As the graph is quadratic we can see that the line crosses the \({x}\)-axis twice, once at \({x}\) = -7 and once at \({x}\) = -2. Therefore the solutions are \({x}\) = -7 and \({x}\) = -2.

Solve the equation: \({x^2}\) – 25² = 0

\({x^2}\) – 25² = (\({x}\) - 25)(\({x}\) + 25) = 0

Therefore either (\({x}\) – 25) or (\({x}\) + 25) = 0

This means that either \({x}\) = 25 or \({x}\) = –25

So our solutions are \({x}\) = 25 and \({x}\) = –25

We have \({x^2}\) – 25² = 0 giving us the following values to substitute into the quadratic formula:

\({a}\) = 1

\({b}\) = 0

\({c}\) = –25² = –625

\({x = \frac{{ - b \pm \sqrt {b^2 - 4ac} }}{{2a}}}\)
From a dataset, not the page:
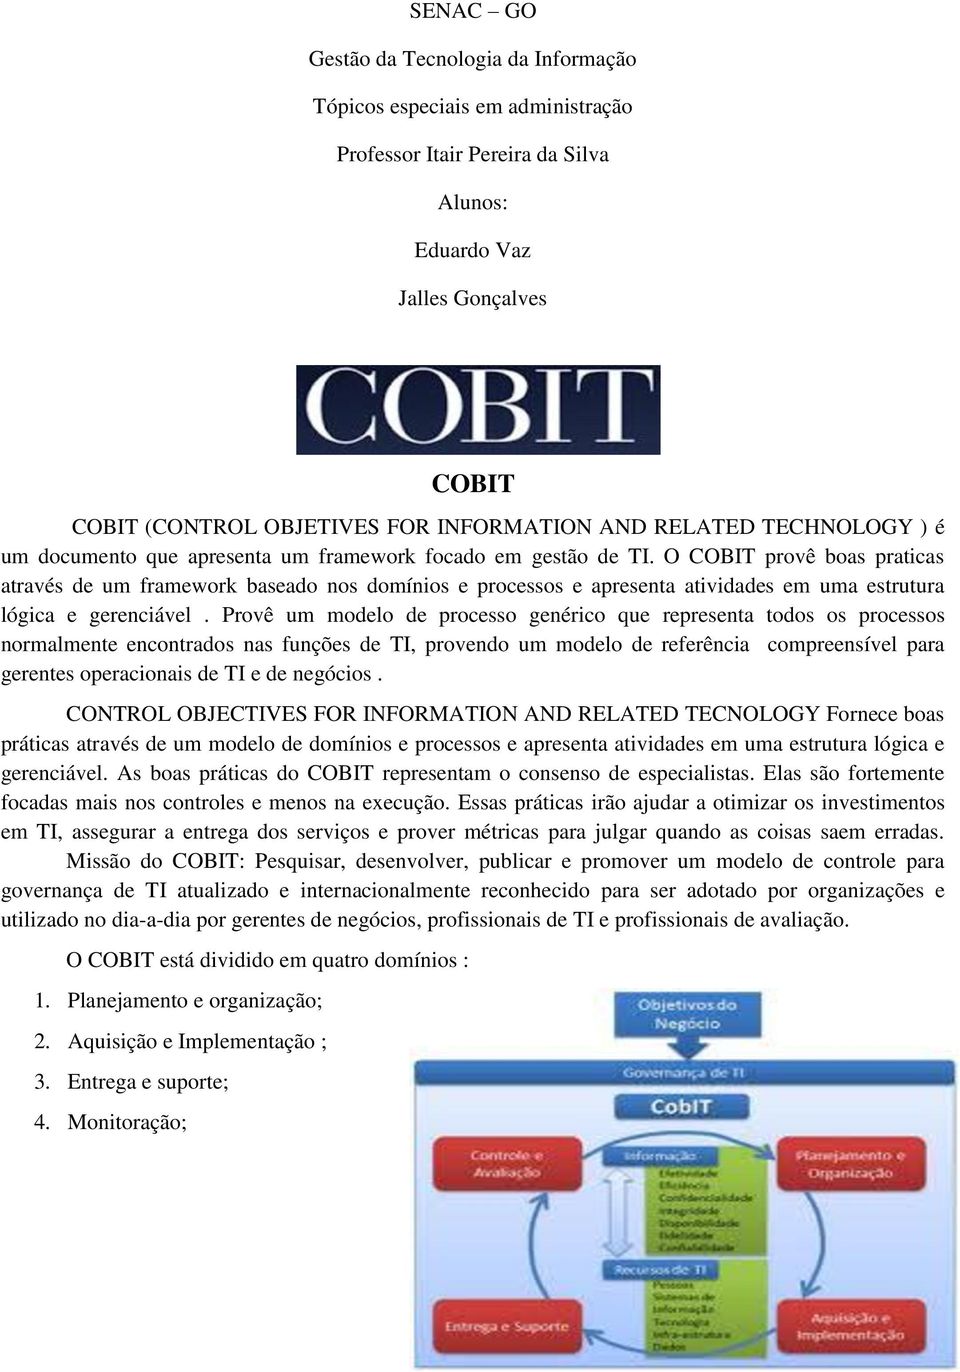 O COBIT provê boas praticas através de um framework baseado nos domínios e processos e apresenta atividades em uma estrutura lógica e gerenciável.

\({x = \frac{ \pm \sqrt {-4 \times -625} }{{2}}}\)

\({x = \frac{ \pm \sqrt {2500} }{{2}}}\)

\({x = \frac{ \pm {50} }{{2}}}\)

\({x = -25}~and~{x = 25}\)

Plotting the graph of \({y}~=~{x^2}\) – 25²

Our solutions are \({x}\) = 25 and \({x}\) = –25.